Ленин писал, что, начиная от Астраханской губернии и кончая Татарской республикой и Пермской губернией, всюду засуха выжгла почти окончательно и хлеб, и траву. «Миллионы людей — трудовых крестьян, рабочих, миллионы голов скота готовы погибнуть и гибнут уже. Беда так велика…»
В качестве иллюстрации к теме голода автор приводит путевые заметки Мирсаида Султан-Галиева, написанные по результатам его поездки в Самарскую губернию и Башкирию летом 1921 года и опубликованные в октябрьском номере печатного органа Наркомнаца — журнале «Жизнь национальностей».
«В царстве голода
(Из путевых впечатлений)
Сызрань. Яркий солнечный день. Жарко и душно.
— Дя-а-день-ка-а-а… дай-ка кусочек хлиибцааа…, — жалобно и протяжно тянут усталыми голосами снующие, как тени, на платформе голодные дети…
Оборванные, грязные, с впалыми и потухшими глазами, с бледными и изможденными лицами.
Переходят от одного вагона к другому, монотонно повторяя перед каждым окном один и тот же тягучий и надрывающий душу напев.
Но поезд, как видно, привык уже к этому…
Лишь изредка высунется из открытого окна сострадательная рука и протянет что-нибудь собравшимся у вагона или просто бросит наземь объедки…
Начинается крик и шум. Все бегут к окну, стараясь первым вырвать брошенный кусок…
— Мне… Дяденька, мне… Мне, тетенка…, — галдят десятки голосов со всех сторон.
Дерутся… Кто-то визжит. Кто-то кричит и ругается. Кто-то рыдает…
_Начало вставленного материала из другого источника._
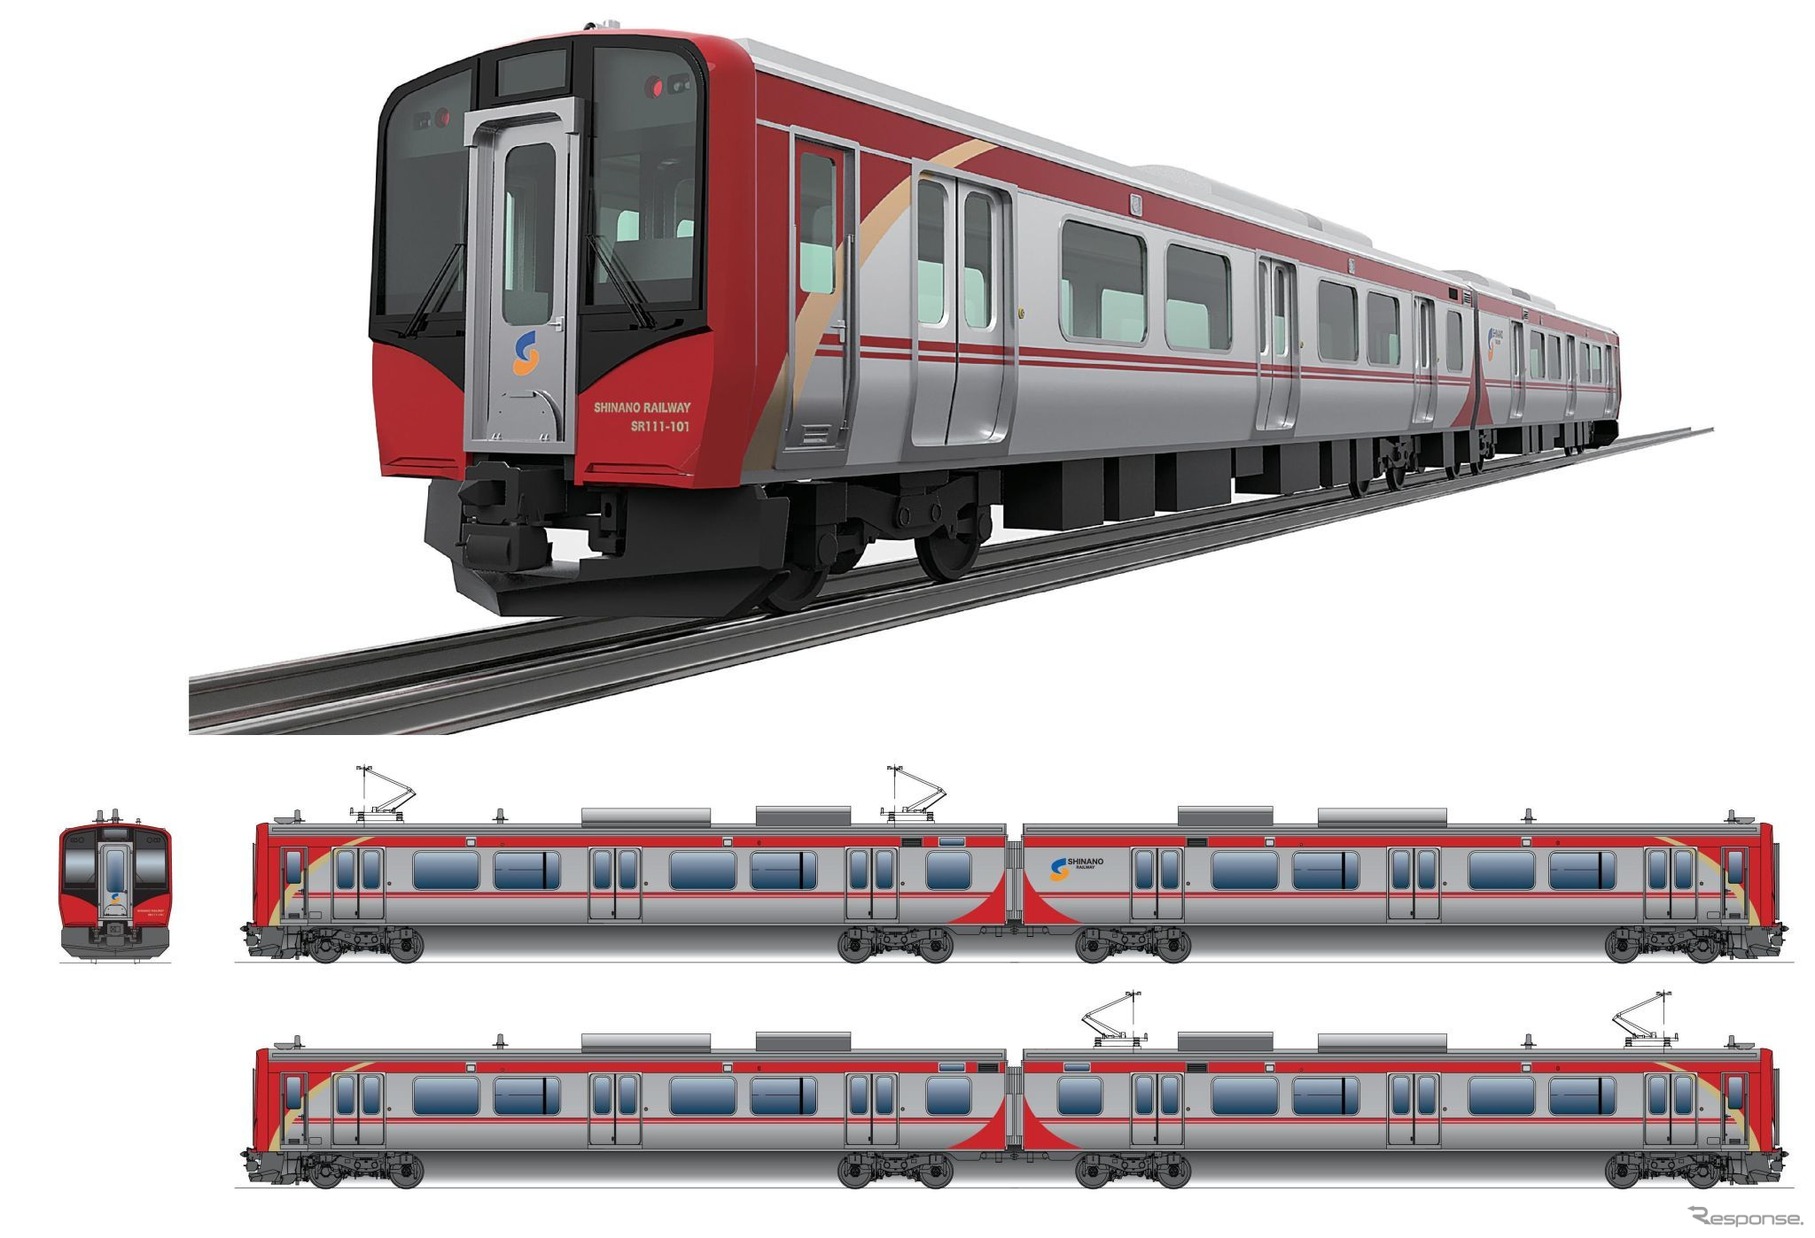 3月13日のダイヤ改正から運行を開始する一般列車用SR1系のデザイン。「地域に寄り添い、その先の未来へ」をコンセプトに、しなの鉄道社員が地域に寄せる「情熱」「温かさ」を表わしたという赤をベースに、「地域の未来へ挑戦していく姿勢」を表現したというゴールドのラインを配置。両端の曲線は地域を包み込む「やさしさ」、中央のラインは沿線の地域をひとつにつなぐ、力をあわせるといった意味合いが込められている。

В стороне стоит маленький мальчик в тюбетейке. Видно, татарин… Бледный и грустный… Молчит, но все глядит в окно…
Окликаю его по-татарски…
Удивился, услышав родную речь, как-то машинально раскрыл рот и весь превратился в слух. Но продолжал стоять, не решаясь подойти ко мне…
— Ну что же стоишь… Подойди ко мне…
Подошел… Робко и боязливо…
— Как попал сюда?
— Из Сибири еду…
А зачем туда ездил? ..
— Подкармливаться…
— Ну что же, подкормился?..
— Да, подкормился…собирал милостыню…
История мальчика коротка. Он из Татреспублики. Круглый сирота. В живых осталась лишь бабушка одна… У них сильный голод. До нового урожая нет ничего. Бабушка послала его в Сибирь «подкормиться». Сейчас возвращается обратно к ней...
— А давно не ел?..
— Уж целую неделю…
— А чем же будешь питаться дома?..
— Еще не знаю…
Говорит спокойно, без смущения. Как будто все так и должно было случиться… Настоящий фаталист, твердо вручивший свою жизнь слепой судьбе…
Подаем мальчику хлеба и немного денег. С волнением выхватывает он все протянутое и, то и дело озираясь по сторонам, торопливо отходит от поезда, жадно уписывая хлеб...
— Рахмат, — доносится издали его дрожащий голос…
И чем ближе к Уфе, тем все больше и больше встречается татар. В Абдулино начинают попадаться и башкиры… С широкими, скуластыми, смуглыми, простодушными лицами и косыми глазами… Много взрослых… Некоторые торгуют: в руках несколько кусочков масла, вареной баранины…
— Тауаришь… а тауаришь… Покупать масло за кусочек хлеба…, — заискивающе говорит продавец, вопрошающе глядя в глаза…
— Покупать… Хоть одна гна (гына — по-татарски «только, лишь» — ред.) кусочек покупать…
Но — покупателей нет. Масло совсем растаяло от жары и покрылось пылью…
Остальные молчат. Лишь подойдут под окно и уставятся печальными глазами на пассажиров и глядят, все глядят на них, не отрываясь…
Но как много говорят их глаза тому, кто умеет их читать.
Быстро мчится поезд. Мелькают телеграфные столбы, станционные будки, села и деревни. Кругом все выжженные солнцем поля. Лишь кое-где попадается чахлая, низкая и редкая рожь и только что показавшийся из-под земли такой же редкий овес или пшеница…
Параллельно с линией дороги тянутся караваны переселенцев. На волах, лошадях и пешком тянется бесконечная вереница людей: стариков, молодых и детей.
Вон движется караван повозок. Потупя голову, тяжело тащат за собой нагруженные домашним скарбом, сундуками и больными, изнуренные долгим переходом лошаденки.
На возах мелькают бледные лица сидящих на них женщин, стариков и детей. Невесело шагают за возами усталые мужики. Тут и русские, и татары, и мордва. Все Поволжье: разноязычное, разноплеменное… Кто-то отстал. Еле волочит ноги, без надежды догнать ушедших вперед. А вон какое-то одинокое татарское семейство расположилось на отдых… Отдыхает пыльная телега… Дымит костер. Над ним чернеет котел. На приподнятой оглобле телеги висит колыбель… Вокруг костра уселись женщины и дети.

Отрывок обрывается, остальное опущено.